Program Leader Next Steps:
Trying to choose the best measures for your Wikimedia project or program?
Check out Measures for Evaluation, a helpful matrix of common outcomes by program goal that we use to map measures and tools.
Vikimedia proqramını qiymətləndirmək üçün məlumat toplamısınız?
II raund Könüllü Hesabat açıqdır – Biz məlumat axtarırıq. Keçən həftə Proqramın Qiymətləndirilməsi və Dizayn komandası fondun könüllü proqramların hesabatının ikinci mərhələsinə start verdi. Biz bütün proqram rəhbərlərini və qiymətləndiriciləri indiyə qədər etdiyimiz Wikimedia proqramlarının ən epik məlumatların toplanması və təhlilində iştirak etməyə dəvət edirik. Bu il ondan çox müxtəlif proqramı araşdıracağıq:
- Editing Workshops
- On-wiki writing contests
- Editathons
- Wikipedia Education Program
- Conferences
- Wikimedian in Residence
- GLAM content donations
- Wiki Loves Monuments
- Hackathons
- Wiki Loves Earth, Wiki Takes, Wiki Expeditions, and other photo upload events
Did you lead or evaluate any of these programs September 2013 through August 2014? If so, we need your data! For the full announcement visit our portal news pages.
Reporting is voluntary, but the more people do it, the better we can representation of programs to help us understand the depth and impact of programs across different contexts. This voluntary reporting allows us to come together and generate a bird’s eye view of programs so that we can examine further what works best to meet our shared goals for Wikimedia and, together, grow the AWESOME in Wikimedia programs!
- ↑ Case in point, within Wikimetrics, this will be changing to give users to a count that also includes those edits made to pages that were since deleted
- ↑ Əlbəttə, Cavablarda rəqəmlərə xüsusi məna verilməsinə əlavə olaraq, biz həmçinin respondentlərin «redaktə» «Vikipediya», «Vikimedia layihələri» və «kurs» terminlərini başa düşməsinə dair fərziyyələr irəli sürürük. Biz güman edirik ki, iştirakçı həm sualı, həm də cavab variantlarını oxuyub başa düşür və onlar mənalı və dəqiq cavab verirlər.

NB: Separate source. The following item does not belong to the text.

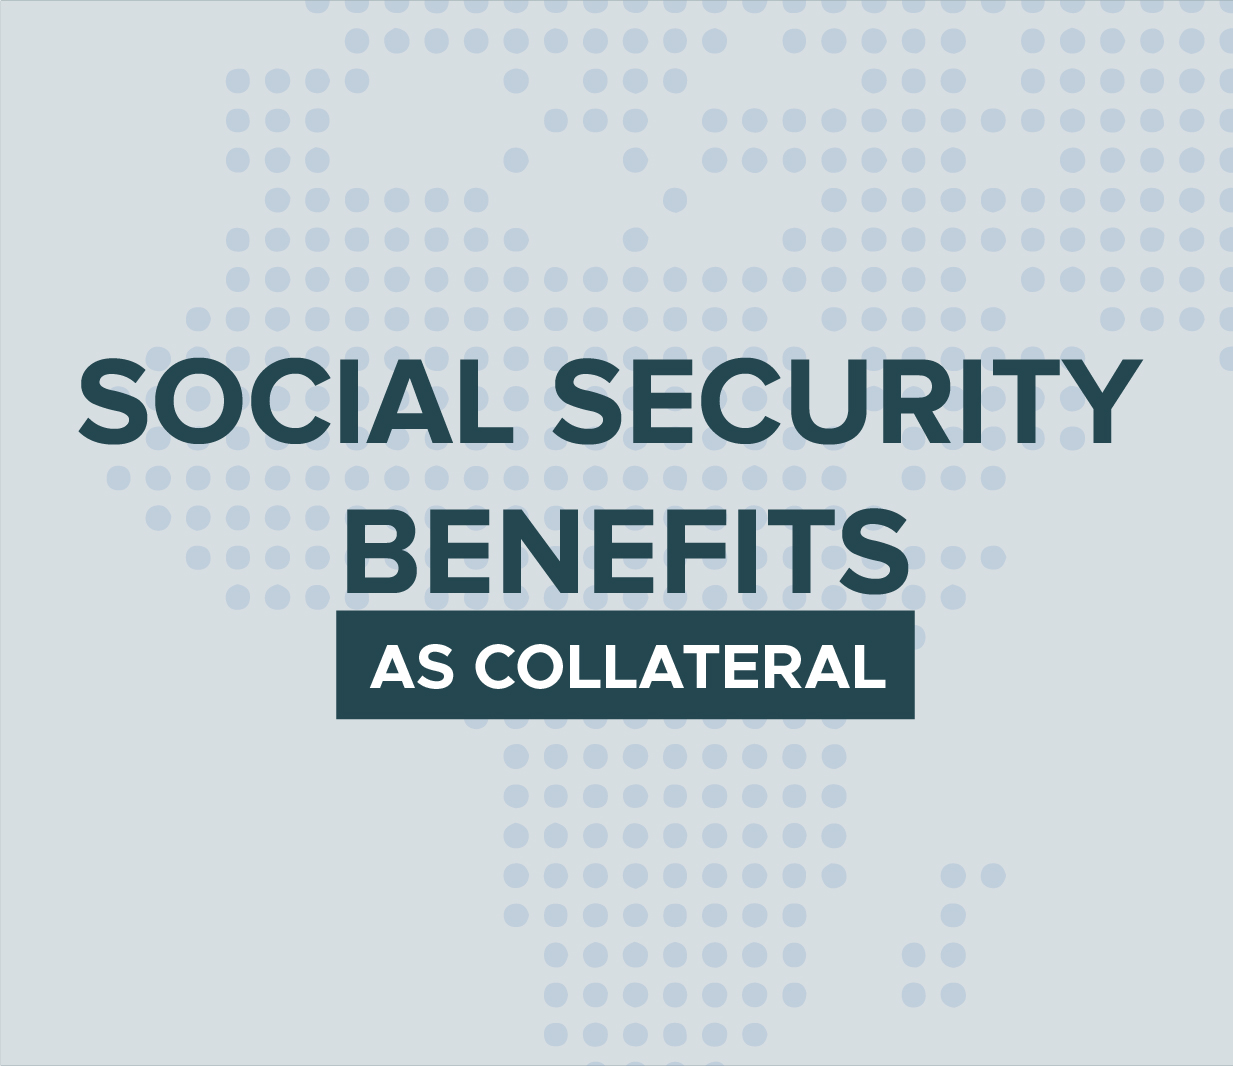 Highlight of the new issued regulations on the use of social security benefits as a collateral for home mortgage.
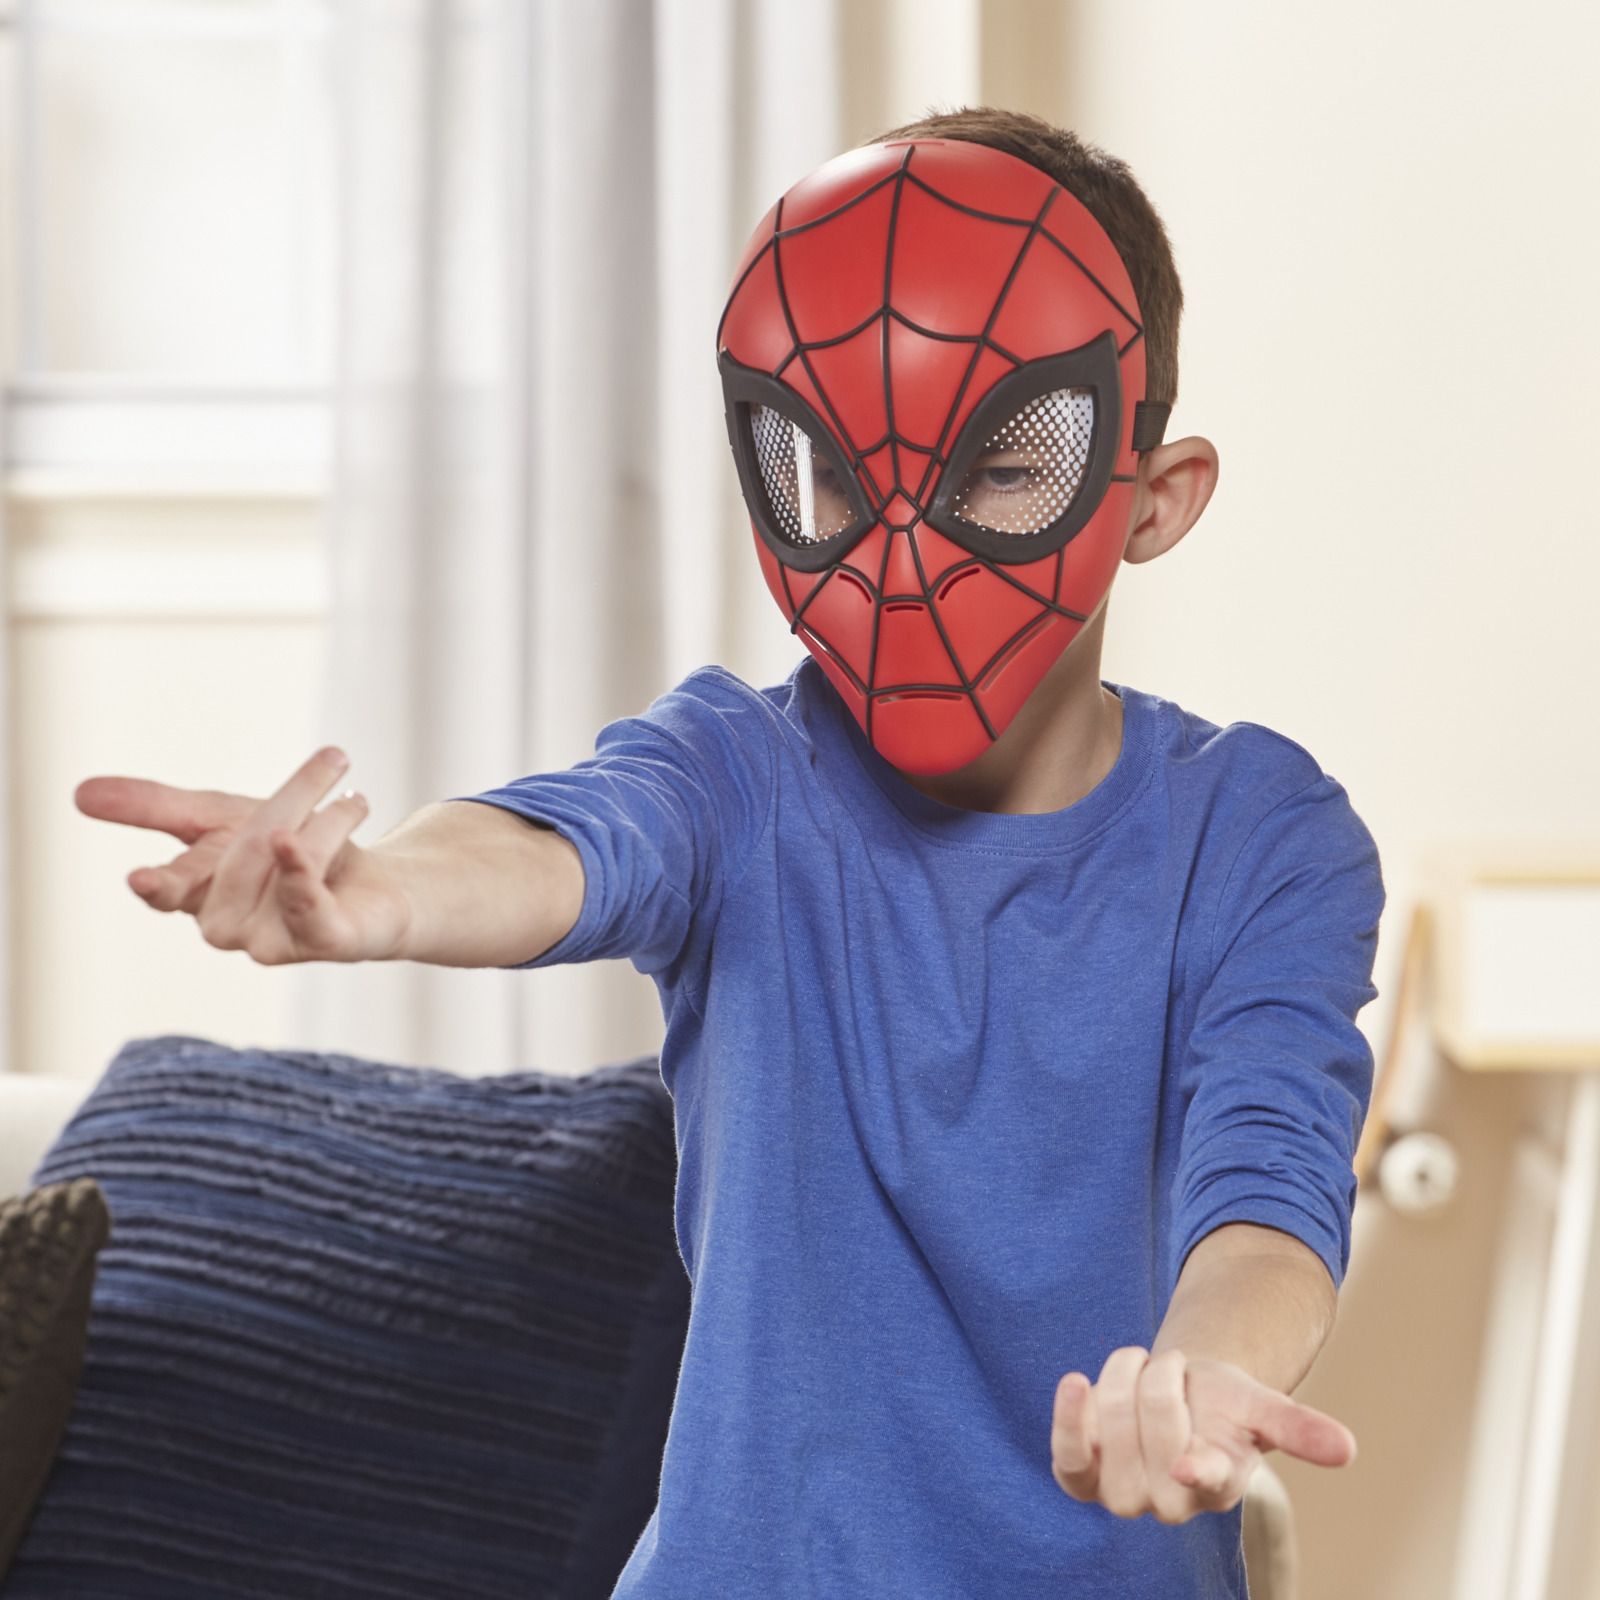   Spider-Man Role Play

- ↑ In such a case, we again make an assumption that respondents consistently understand the terms «edit», «Wikipedia», and response labels, as well as understand the intended interval nature of the response scale. Alternatively, we can try to observe the editing behavior directly to assess whether a person is able to edit, however, we would be making an assumption that performance is equal to experienced preparedness in order to tie the measure back to feeling prepared.